While working at OPG, he acted as a Training Manager, Engineering Supervisor, System Responsible Engineer and Design Engineer. During the period of time, he worked as a Field Engineer and Design Engineer, he was responsible for the operation, maintenance, diagnostics, and testing of gas turbines, steam turbines, generators, motors, transformers, inverters, valves, pumps, compressors, instrumentation and control systems. Further, his responsibilities included designing, engineering, diagnosing equipment problems and recommending solutions to repair deficiencies and improve system performance, supervising engineers, setting up preventive maintenance programs, writing Operating and Design Manuals, and commissioning new equipment.
Later, he worked as the manager of a section dedicated to providing training for the staff at the power stations. The training provided by him covered in detail the various equipment and systems used in power stations.
In addition, he has taught courses and seminars to more than four thousand working engineers and professionals around the world, specifically Europe and North America. He has been consistently ranked as “Excellent” or “Very Good” by the delegates who attended his seminars and lectures.

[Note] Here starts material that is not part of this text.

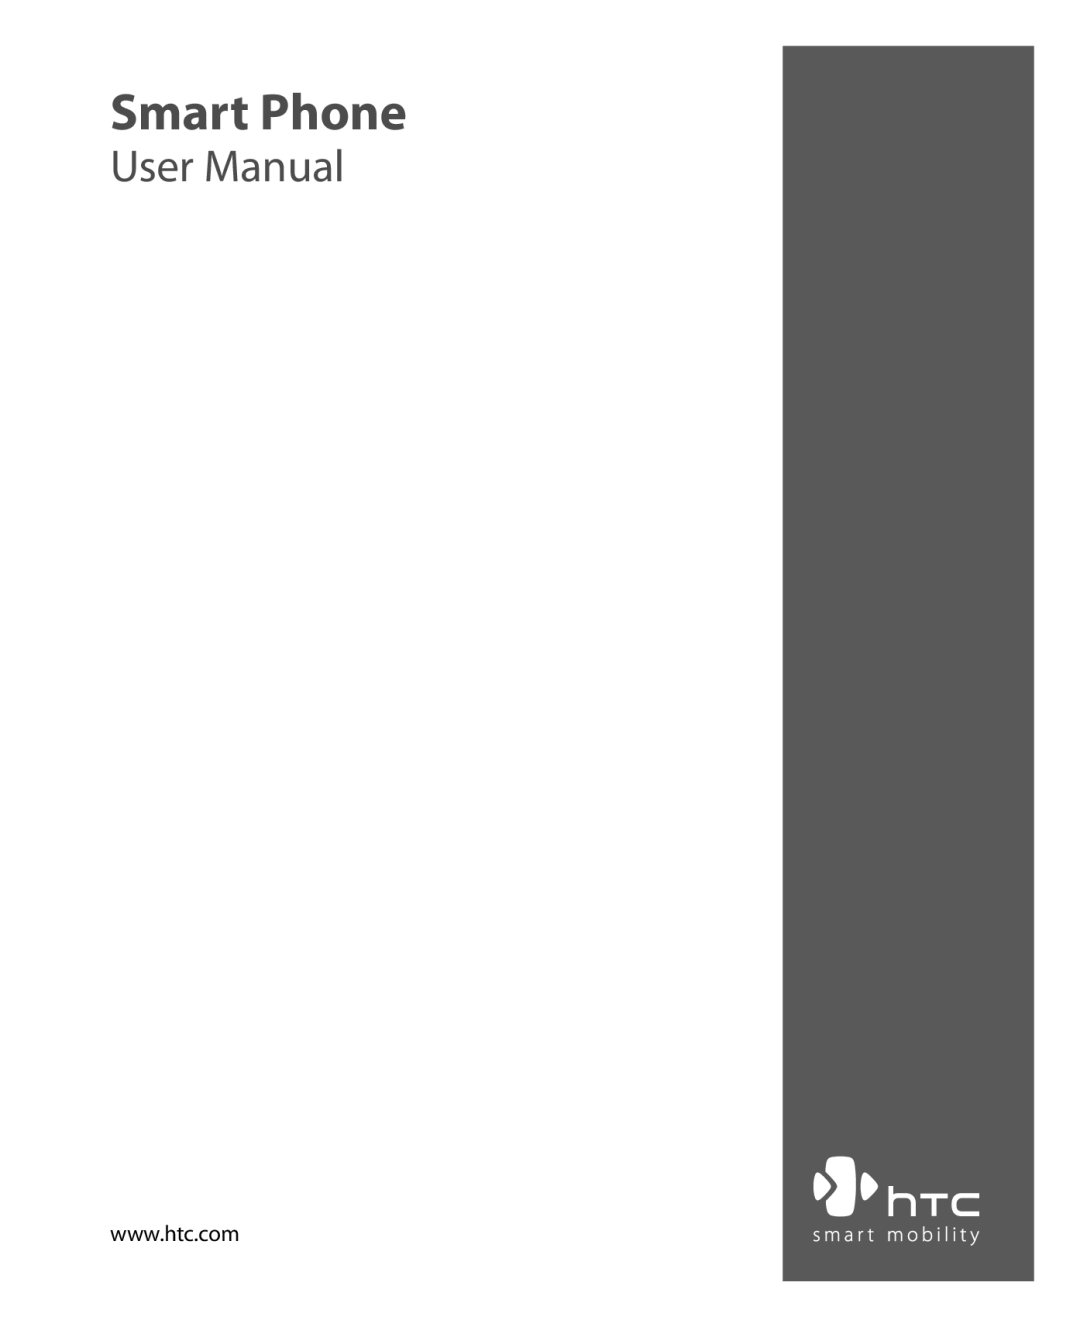 HTC HTC S621 user manual Smart Phone, User Manual

He written 5 books for working engineers from which 3 have been published by McGraw-Hill, New York. Below is a list of the books authored by him;
- Power Generation Handbook: Gas Turbines, Steam Power Plants, Co-generation, and Combined Cycles, second edition, (800 pages), McGraw-Hill, New York, October 2011.
- Electrical Equipment Handbook (600 pages), McGraw-Hill, New York, March 2003.
- Power Plant Equipment Operation and Maintenance Guide (800 pages), McGraw-Hill, New York, January 2012.
- Industrial Instrumentation and Modern Control Systems (400 pages), Custom Publishing, University of Toronto, University of Toronto Custom Publishing (1999).
- Industrial Equipment (600 pages), Custom Publishing, University of Toronto, University of Toronto, University of Toronto Custom Publishing (1999).
Furthermore, he has received the following awards:
- The first “Excellence in Teaching” award offered by PowerEdge, Singapore, in December 2016
- The first “Excellence in Teaching” award offered by the Professional Development Center at University of Toronto (May, 1996).
- The “Excellence in Teaching Award” in April 2007 offered by TUV Akademie (TUV Akademie is one of the largest Professional Development centre in world, it is based in Germany and the United Arab Emirates, and provides engineering training to engineers and managers across Europe and the Middle East).
- Awarded graduation “With Distinction” from Dalhousie University when completed Bachelor of Engineering degree (1983).
Lastly, he was awarded his Bachelor of Engineering Degree “with distinction” from Dalhousie University, Halifax, Nova Scotia, Canada. He also received a Master of Applied Science in Engineering (M.A.Sc.) from the University of Ottawa, Canada. He is also a member of the Association of Professional Engineers in the province of Ontario, Canada.